Among the entries below, find the line with "Картинка жёлтого цвета" and the line with "Avant Garde M615". Return exactly those lines and every line between them, but no pictures.

> [ENTRIES SHOWN]
§

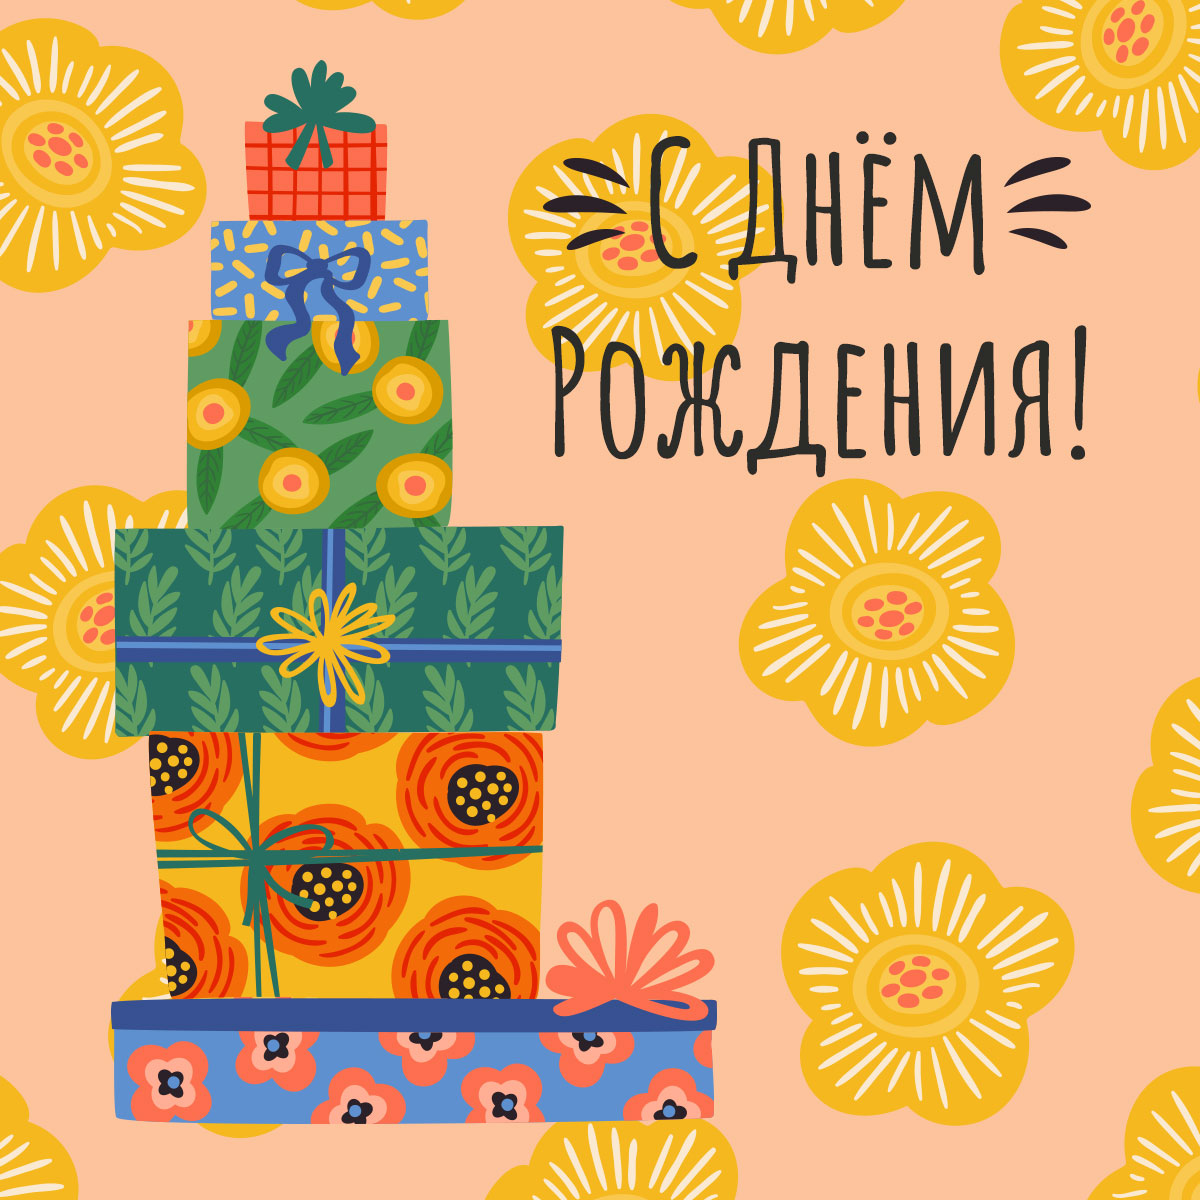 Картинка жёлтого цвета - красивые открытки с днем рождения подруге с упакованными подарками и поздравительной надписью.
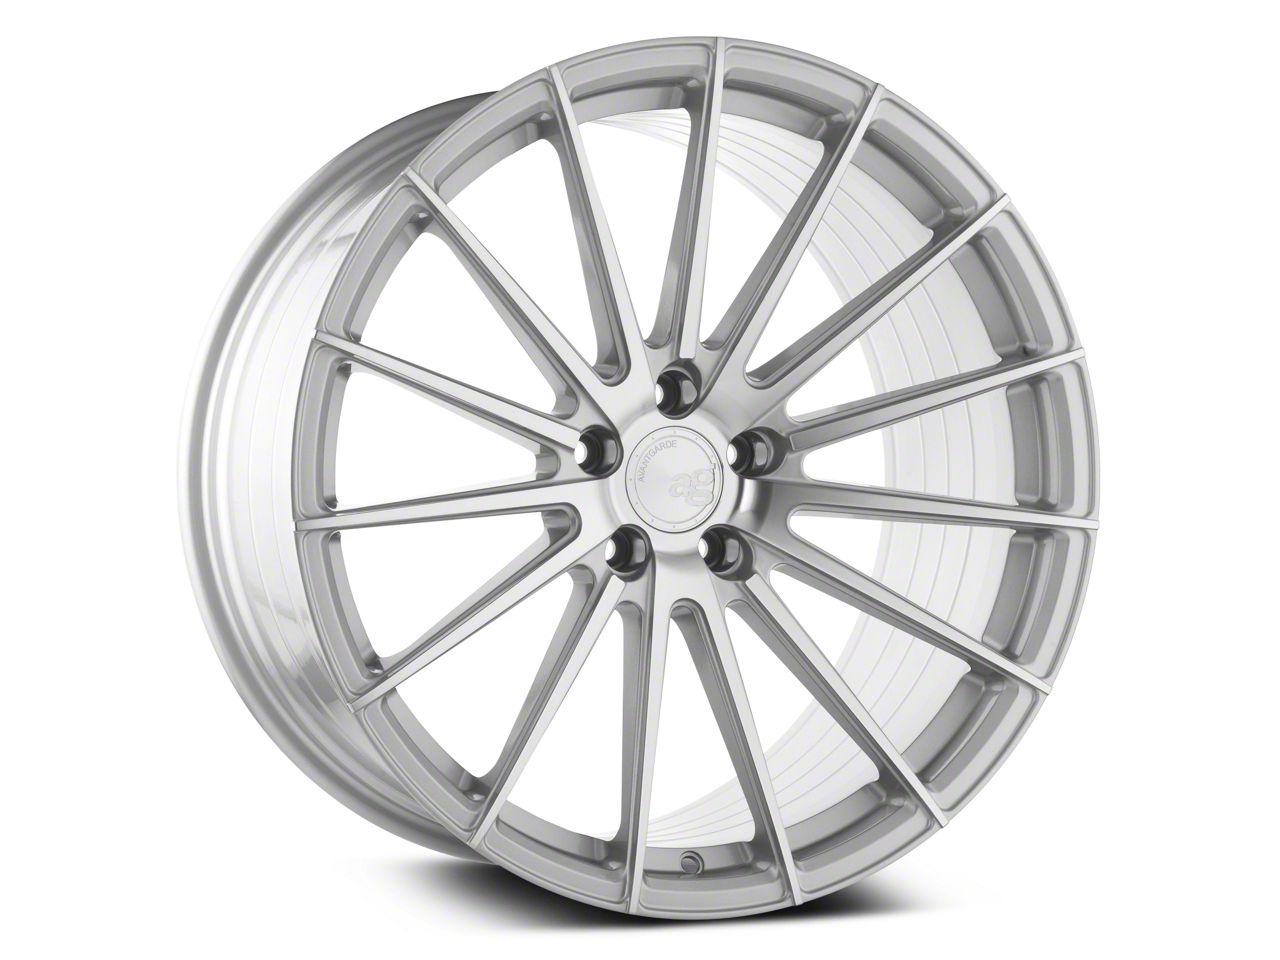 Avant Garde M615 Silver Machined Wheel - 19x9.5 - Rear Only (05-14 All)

§

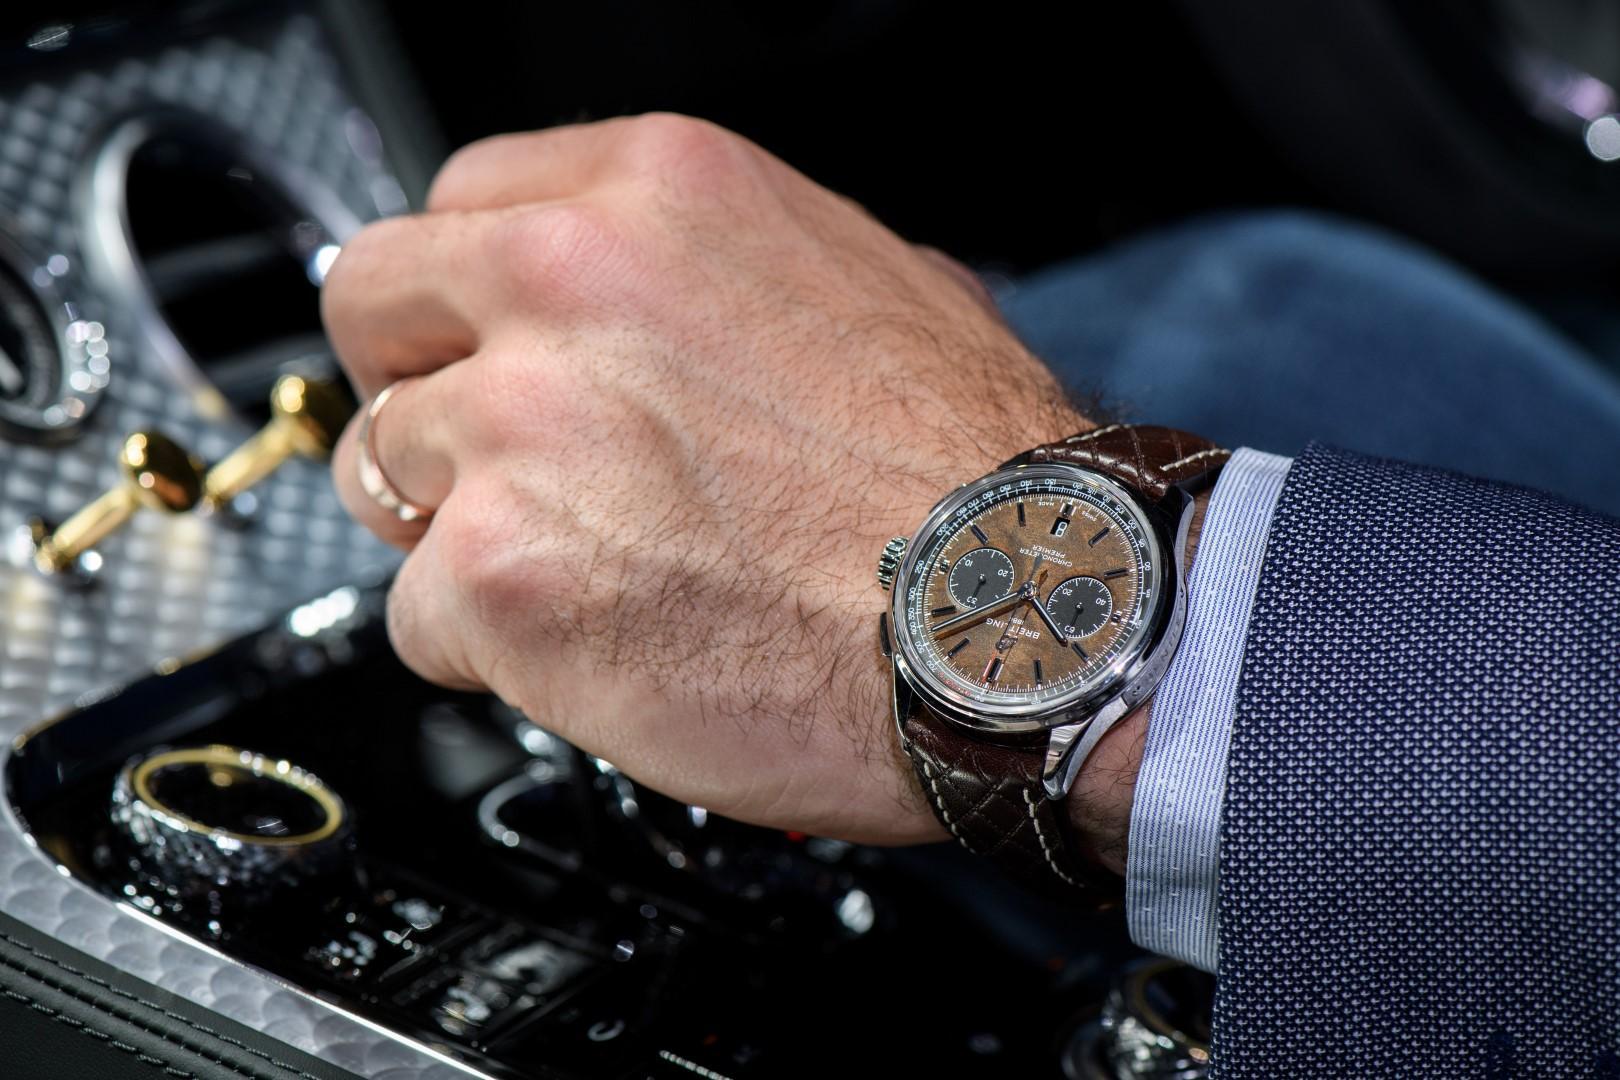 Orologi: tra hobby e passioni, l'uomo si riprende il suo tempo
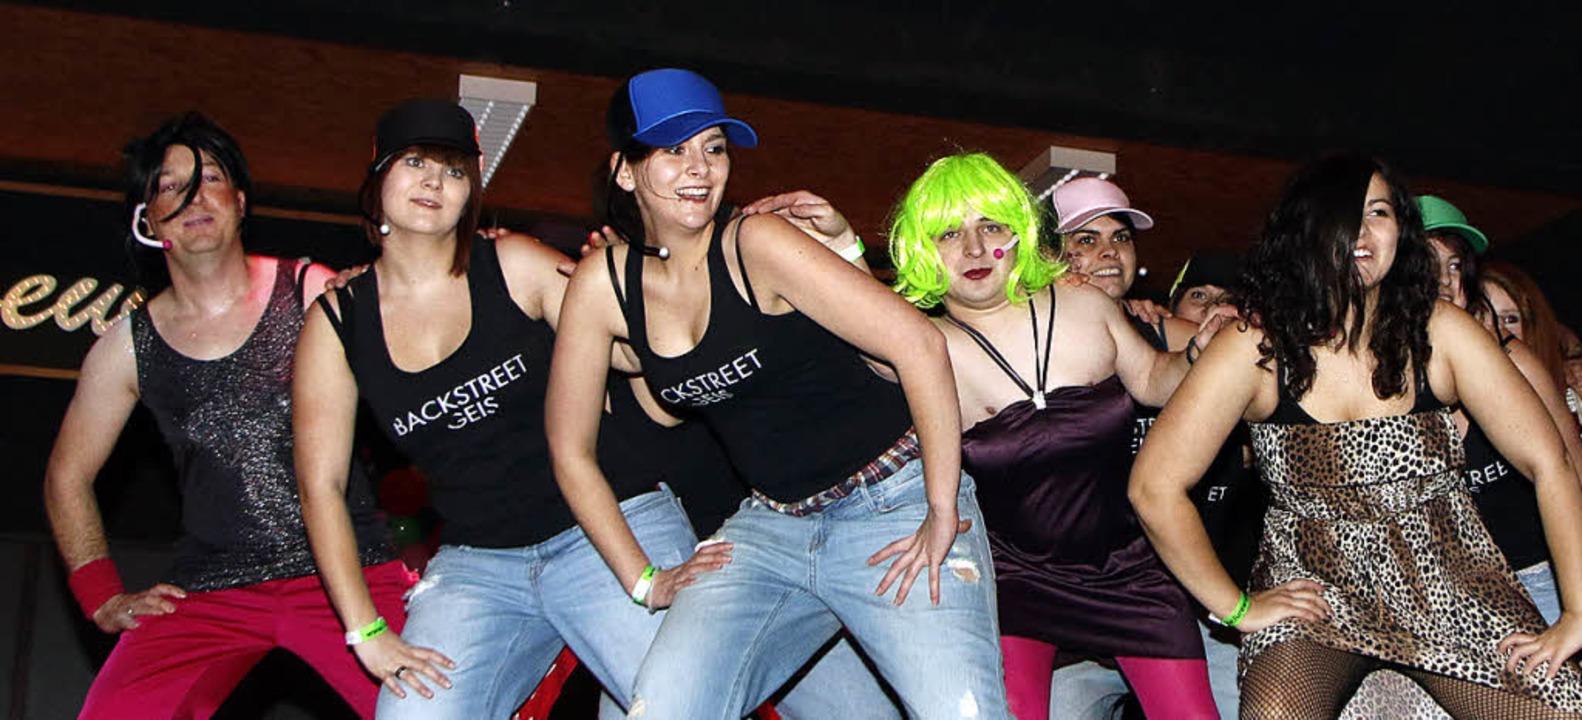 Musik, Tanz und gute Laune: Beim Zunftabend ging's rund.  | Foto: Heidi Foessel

§

> [RESPONSE FOR THIS EXERCISE]
 Картинка жёлтого цвета - красивые открытки с днем рождения подруге с упакованными подарками и поздравительной надписью.
 Avant Garde M615 Silver Machined Wheel - 19x9.5 - Rear Only (05-14 All)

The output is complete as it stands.